Considering how Russia’s invasion of Ukraine shocked the world, slamming markets in the process, and how mainland China’s moves against certain sectors two years ago wrongfooted advisors, autocracy risk is no mere academic concern.
Yves Choueifaty, who founded TOBAM, and built an internationally-recognised quantitative measure of portfolio diversification, argues that his firm’s approach to autocracy risk is part of its governing philosophy. In today’s fraught geopolitical environment, it is a stance that appears in tune with the times.
“You don’t want to be exposed to autocracy when you are building an equity portfolio,” Choueifaty told this news service in a call.
TOBAM manages more than $5 billion (as of December 2023) in equities, fixed income, and multi-asset strategies as well as digital assets. The firm also offers the TOBAM Maximum Diversification® Index series, a set of indices based on its Maximum Diversification approach as well as the Diversified Benchmark Index series. The firm, which is authorised in France, is also is a registered investment advisor regulated by the US Securities and Exchange Commission, as well as being registered in South Korea and Canada.
TOBAM has obtained patents for its diversification methodology in Canada, the US, Australia, and Japan.
Obtaining diversification rights involves, for example, avoiding the risk of allowing a handful of large-cap stocks – such as the “magnificent seven” tech and engineering stocks – leading investors astray. (These are Alphabet, Amazon, Apple, Meta Platforms, Microsoft, Nvidia and Tesla.) Choueifaty said there have been repeated episodes of big-name firms, such as banks until 2007/8, or energy companies in the 1970s, faring well for a period before hitting a wall, leaving investors to lick their wounds. Choueifaty argues that TOBAM’s diversification approach avoids investors falling into this trap.
“It is the folly of is extremely alarming,” he said.
This news service asked Choueifaty more about his general thinking on diversification.

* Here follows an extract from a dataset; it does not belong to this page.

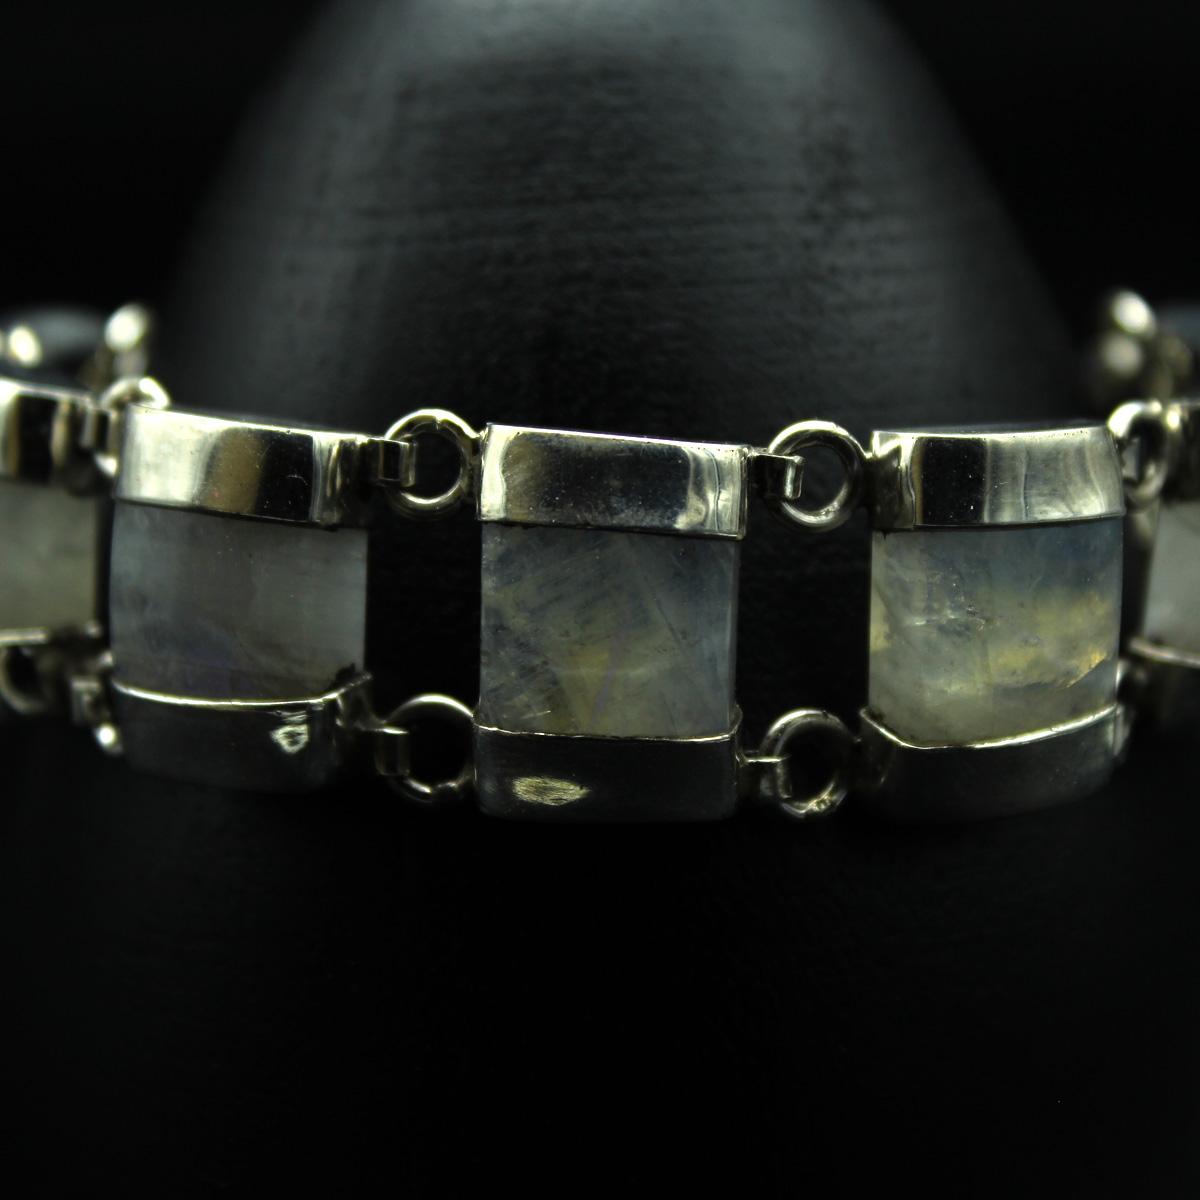 Браслет, серебро, натуральный камень - перистерит, 35.18 грамм, проба 925

"The market is a long succession of concentrations and de-concentrations, the consumer discretionary bubble until 1973, the oil bubble until 1980, the internet bubble, the financial bubble, The market cap weighted portfolio always maximises its concentration at the peak of the of the bubble, at the worst moment. TOBAM has discovered the measurement of diversification, now part of the curriculum of the CFA, and also used in botanics and biology," he said.
What is the hard evidence that this approach to risk, coupled with TOBAM’s diversification focus, delivers results?
The firm shows that, when back-tested, its TOBAM LBRTY Emerging Market Equity Index (base currency – dollars) delivered returns from August 2008 to December 2023 of 183.18 per cent, against the Bloomberg Emerging Market L/M TR benchmark of 76.78 per cent. That equates to an annualised return of 7.02 per cent for the strategy, almost three times the benchmark’s result. Volatility, at 18.36 per cent, was slightly below that of the benchmark.
The new LBRTY® strategy is available via three UCITS-Luxembourg-registered equities vehicles, a global fund, a global ex-US fund and an emerging markets fund. The new LBRTY strategy is the “fourth pillar” of TOBAM’s core investment capabilities, which include its Maximum Diversification methodology and range of indices, the research-based Solutions division that builds solutions for institutions and the first open-ended Bitcoin fund in the world.
In its presentations, TOBAM cites academic research that considers 122 democratisations and 71 reversals from democracy based on data from 1960 until 2010. The data shows a positive causal effect of democracy on economic growth. A country that transitions from non-democracy to democracy achieves about 20 per cent higher GDP growth per capita in the next 25 years than a country that remains a non-democracy.
Away from all the number crunching appears to be a simple truth, which is that if you want to grow wealth over the long term, freedom and the rule of law work far better than authoritarian regimes. It’s an insight as old as recorded history, but it is good to see it validated in hard numbers.